Willie Findlay

Personal information
- Full name: William Findlay
- Date of birth: 15 November 1922
- Place of birth: Motherwell, Scotland
- Date of death: 6 January 2001 (aged 78)
- Place of death: Hamilton, Scotland
- Position(s): Inside right

Senior career*
- Years: Team / Apps / (Gls)
- –: Dalziel Works
- –: Blantyre Victoria
- 1941–1947: Albion Rovers
- 1947–1954: Rangers / 70 / (37)
- 1954–1955: Albion Rovers

= Willie Findlay =

Scottish footballer

William Findlay (15 November 1922 – 6 January 2001) was a Scottish football player who played as an inside right.

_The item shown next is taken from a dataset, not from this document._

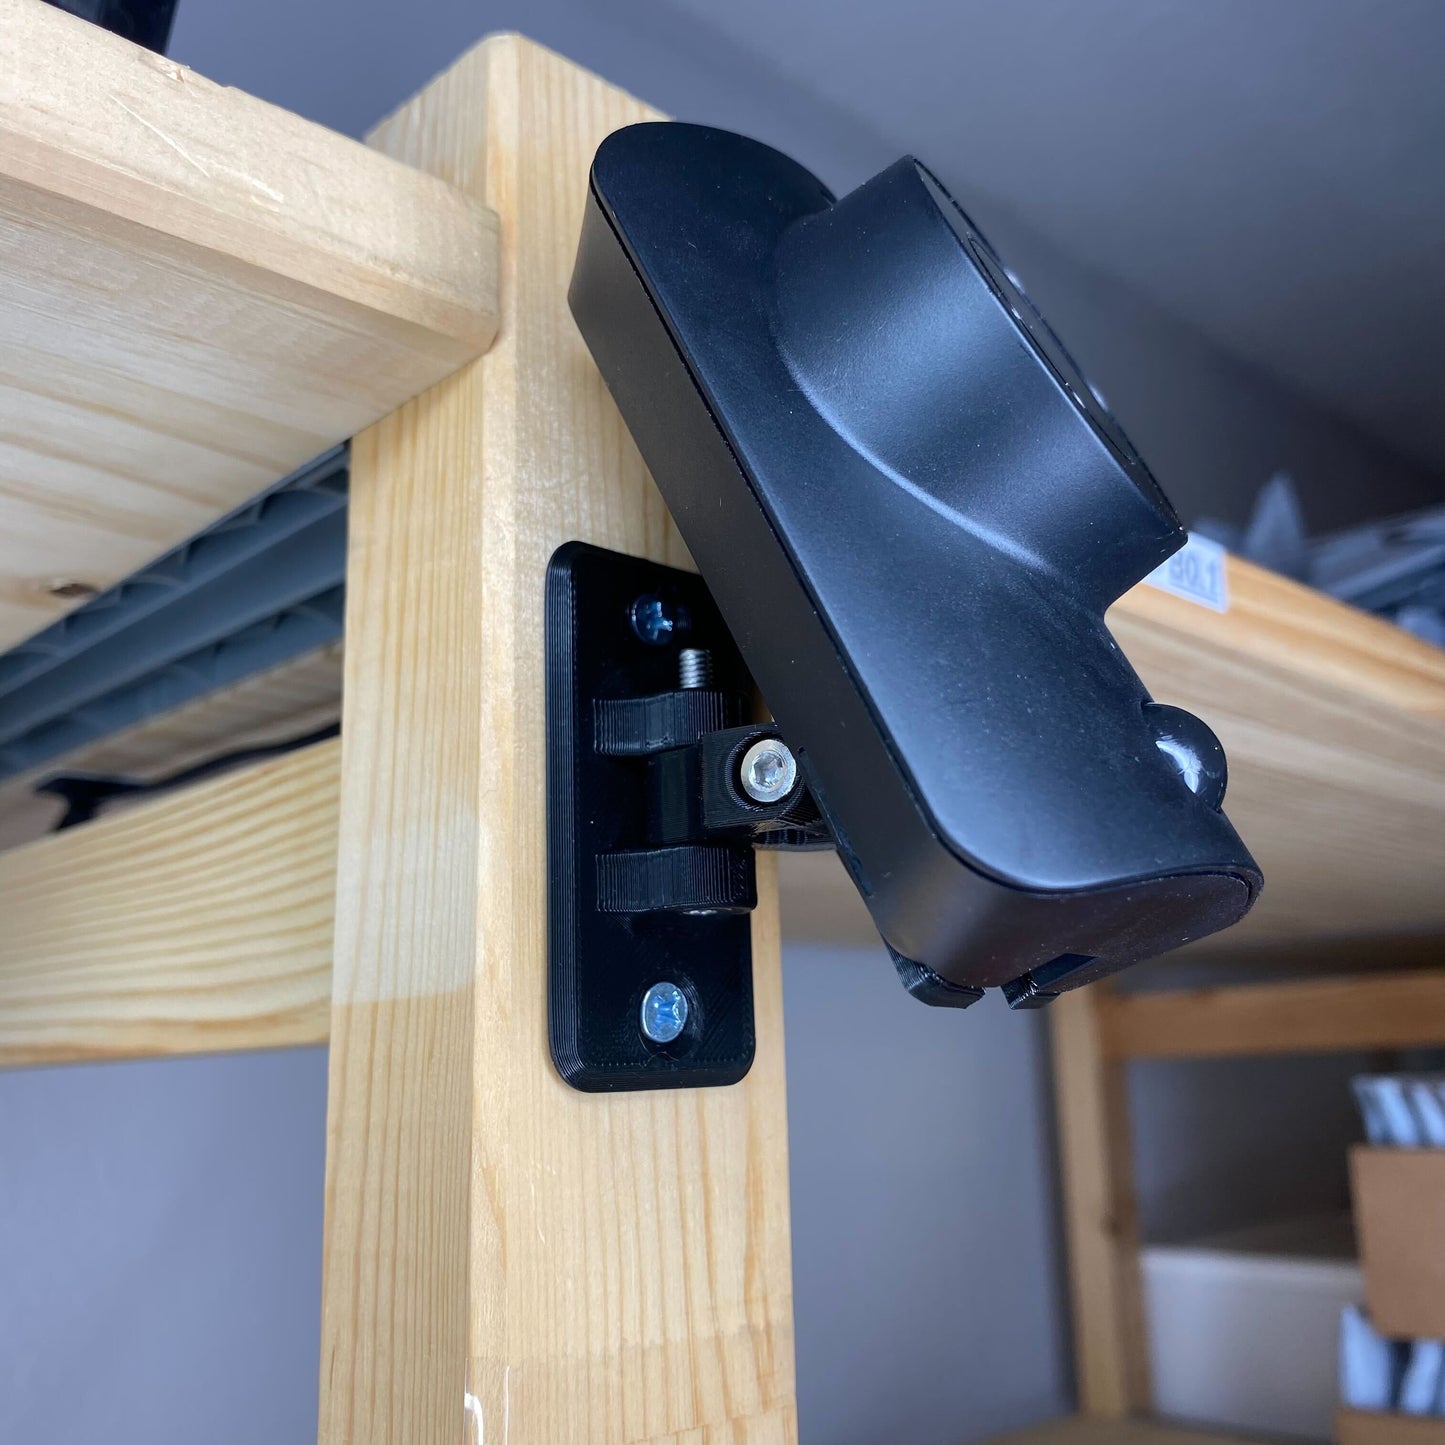 Adjustable Wall Mount for SimpliSafe Indoor Camera

Motherwell-born Findlay began his career with Scottish junior club Blantyre Victoria before moving to join Scottish Football League club Albion Rovers in December 1941. Findlay became recognized as one of the finest players ever to appear for the Cliftonhill side, forming a strong partnership on the right wing with Johnny McIlhatton.

Findlay's showings for Rovers earned him a £7,500 move to Rangers in April 1947. His spell at the Gers included scoring in the 1950 Scottish Cup Final in a 3–0 win over East Fife after only 26 seconds, which remains a record for the event. Findlay also scored in the 1951 Scottish League Cup Final, a 3–2 defeat by Dundee. During his time at Ibrox he netted 65 goals in 114 appearances in the three major competitions and won medals for both the League championship (1948–49 and 1949–50) and the Scottish Cup (1947–48 and 1949–50) – he contributed to two other cup wins but did not take part in the finals.

He returned to Albion Rovers in the 1954–55 season for a few months.